*** Available data ***
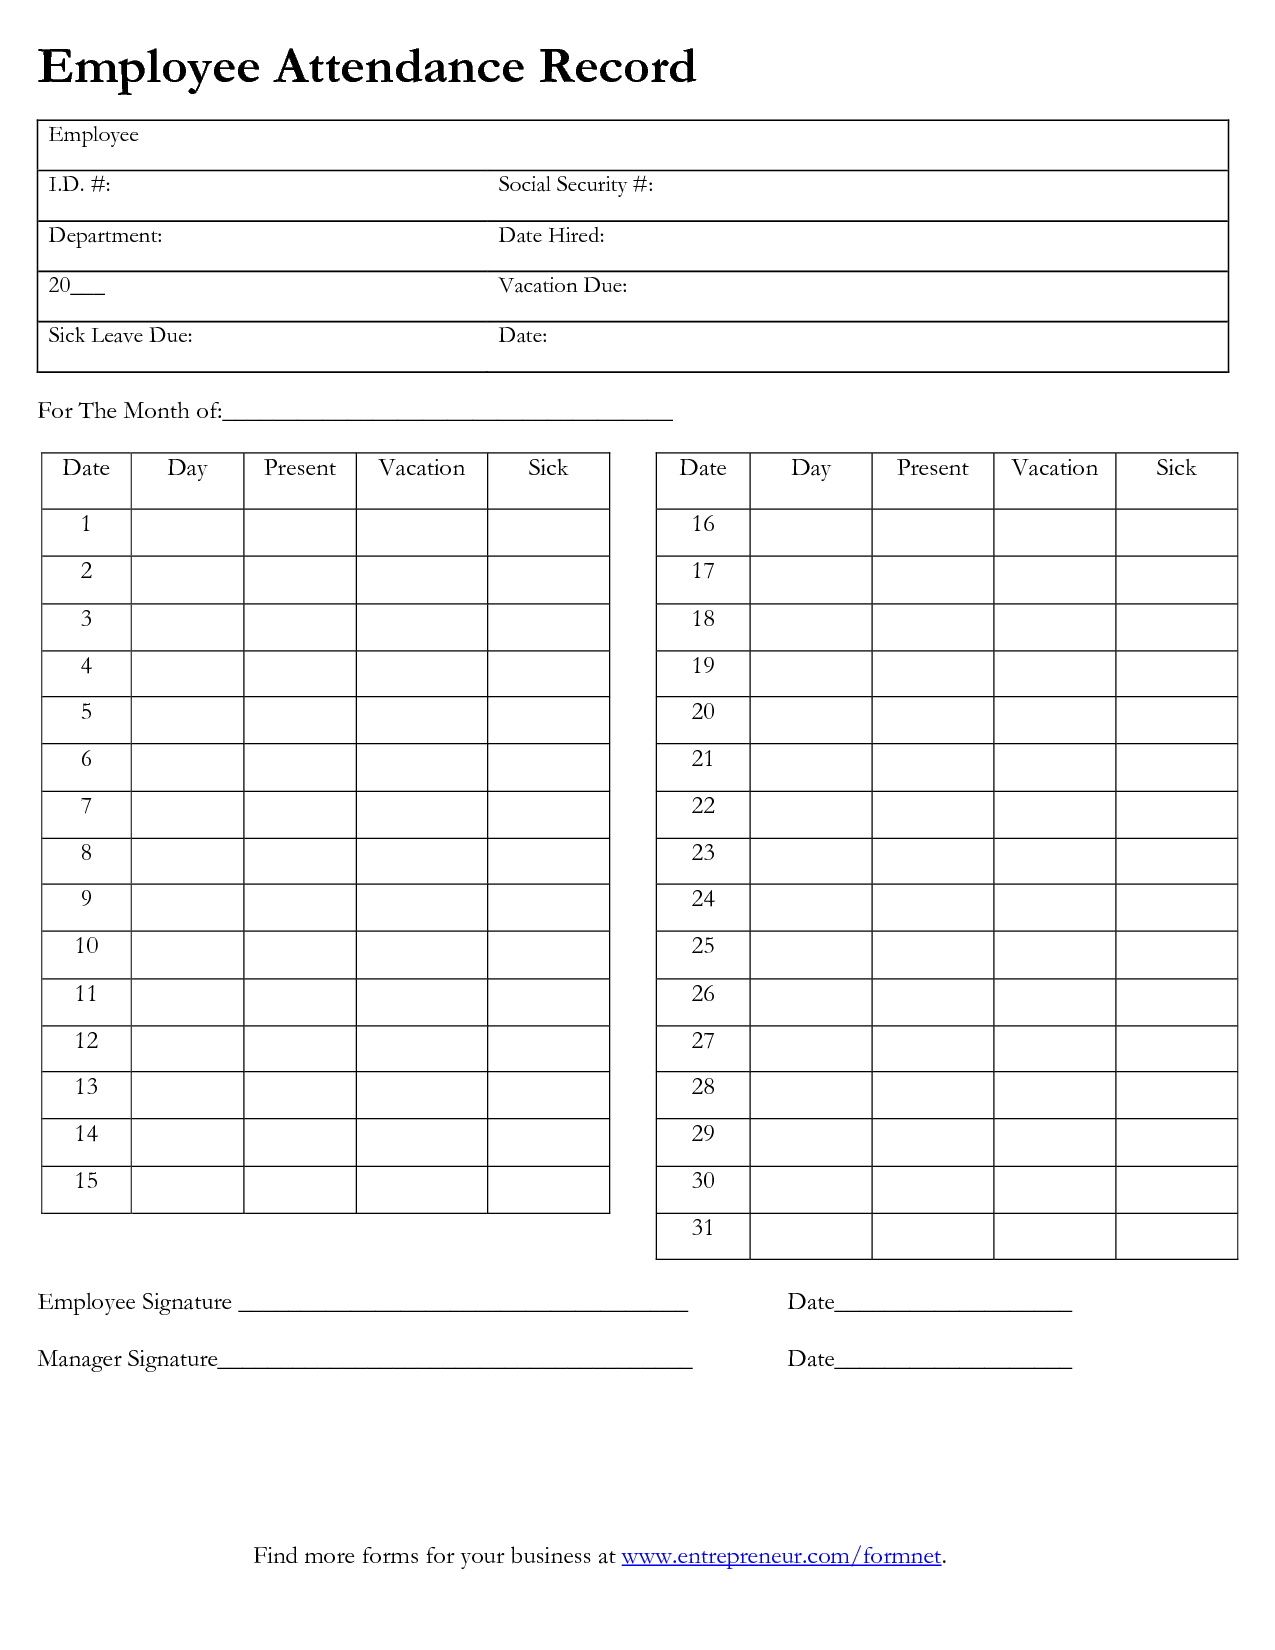 Employee Attendance Record Template & Complete Guide Example
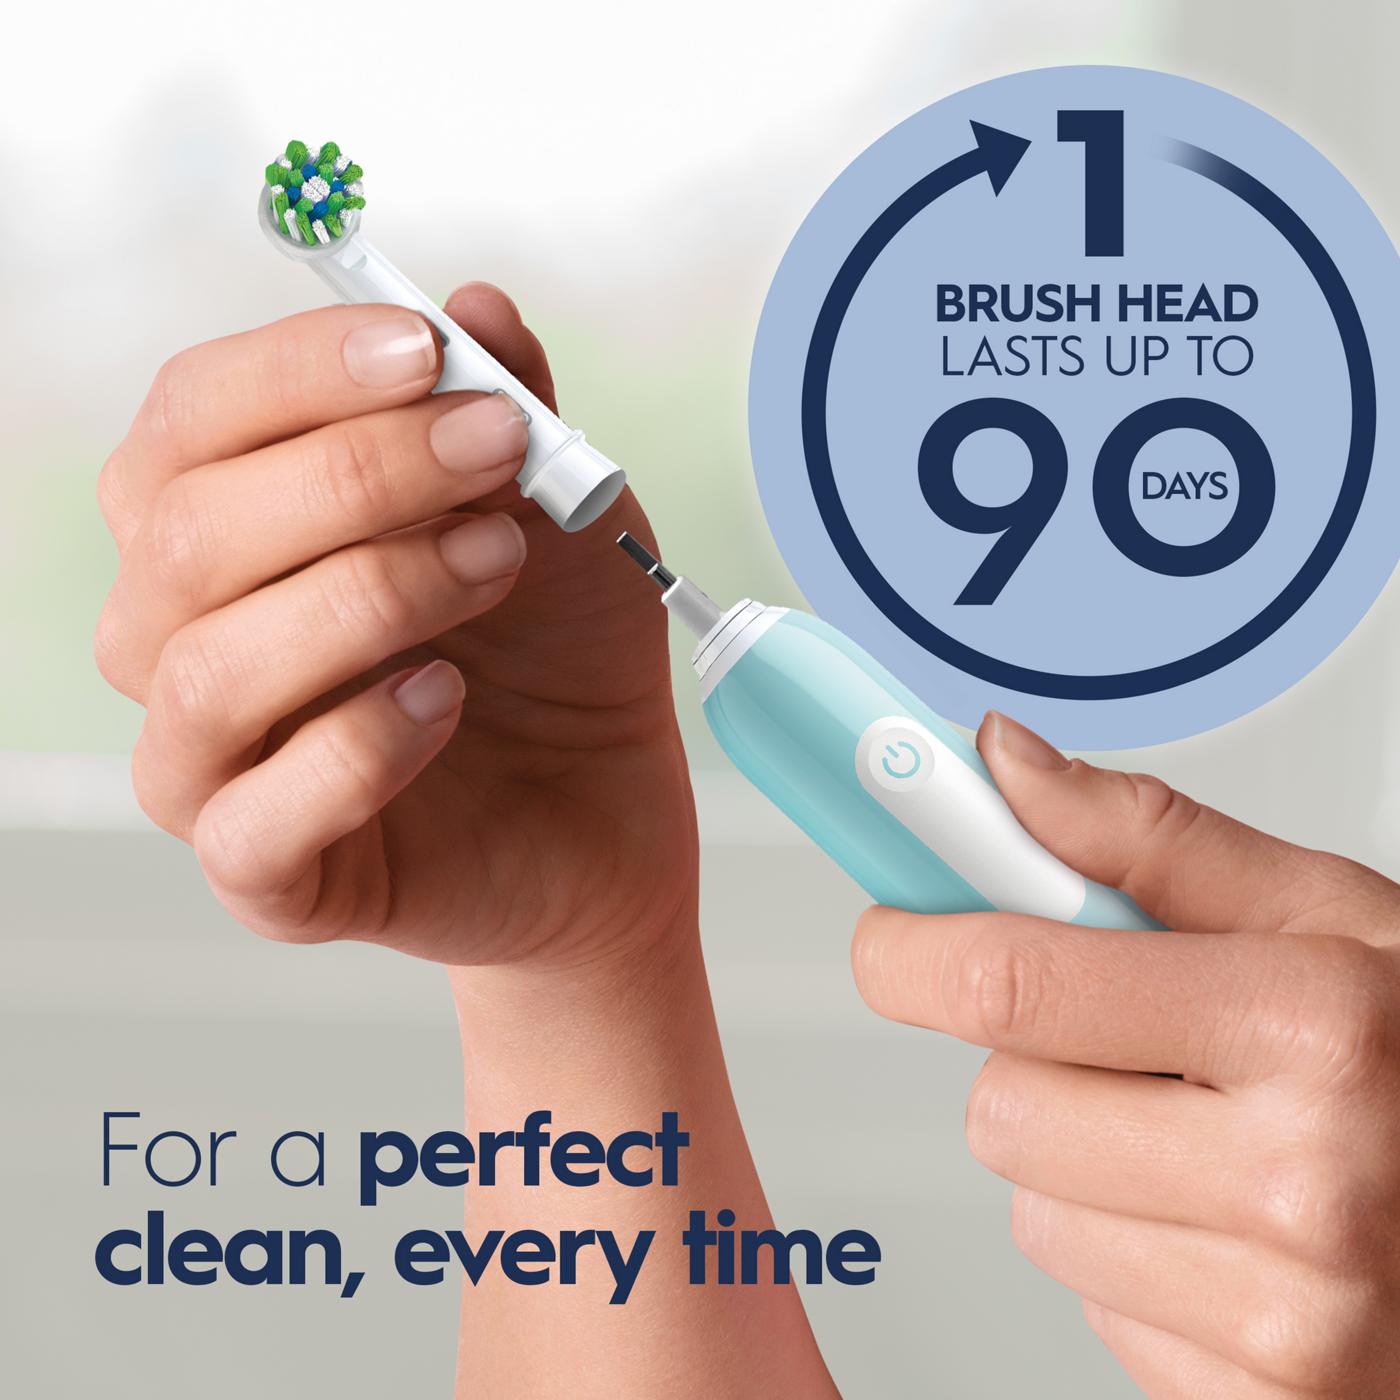 Oral-B Pro 1000 Rechargeable Toothbrush Teal; image 2 of 2
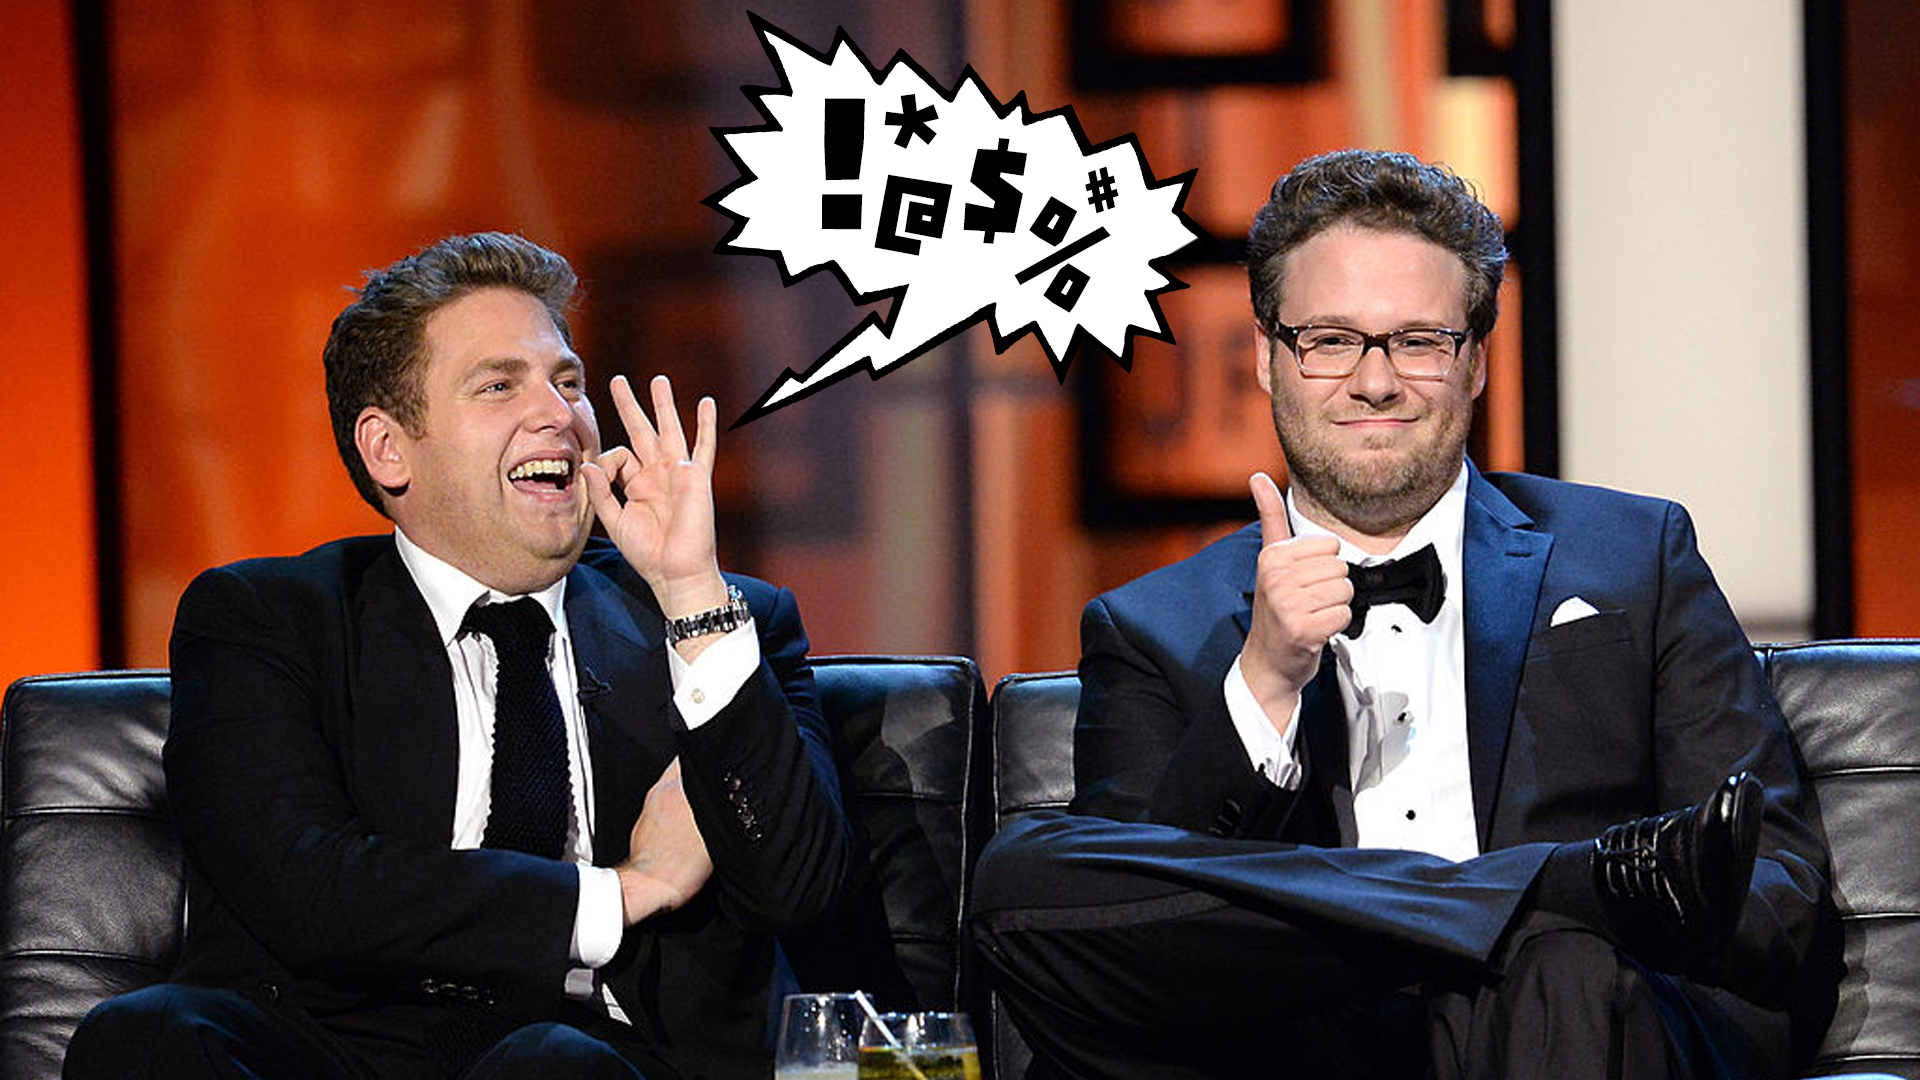 Jonah Hill And Seth Rogen Plan Documentary About Getting Exhausted By Swearing
*** End of Available data ***
■ Your goal: Transcribe each line above verbatim, with the pictures left out.

■ Task response:
 Employee Attendance Record Template & Complete Guide Example
 Oral-B Pro 1000 Rechargeable Toothbrush Teal; image 2 of 2
 Jonah Hill And Seth Rogen Plan Documentary About Getting Exhausted By Swearing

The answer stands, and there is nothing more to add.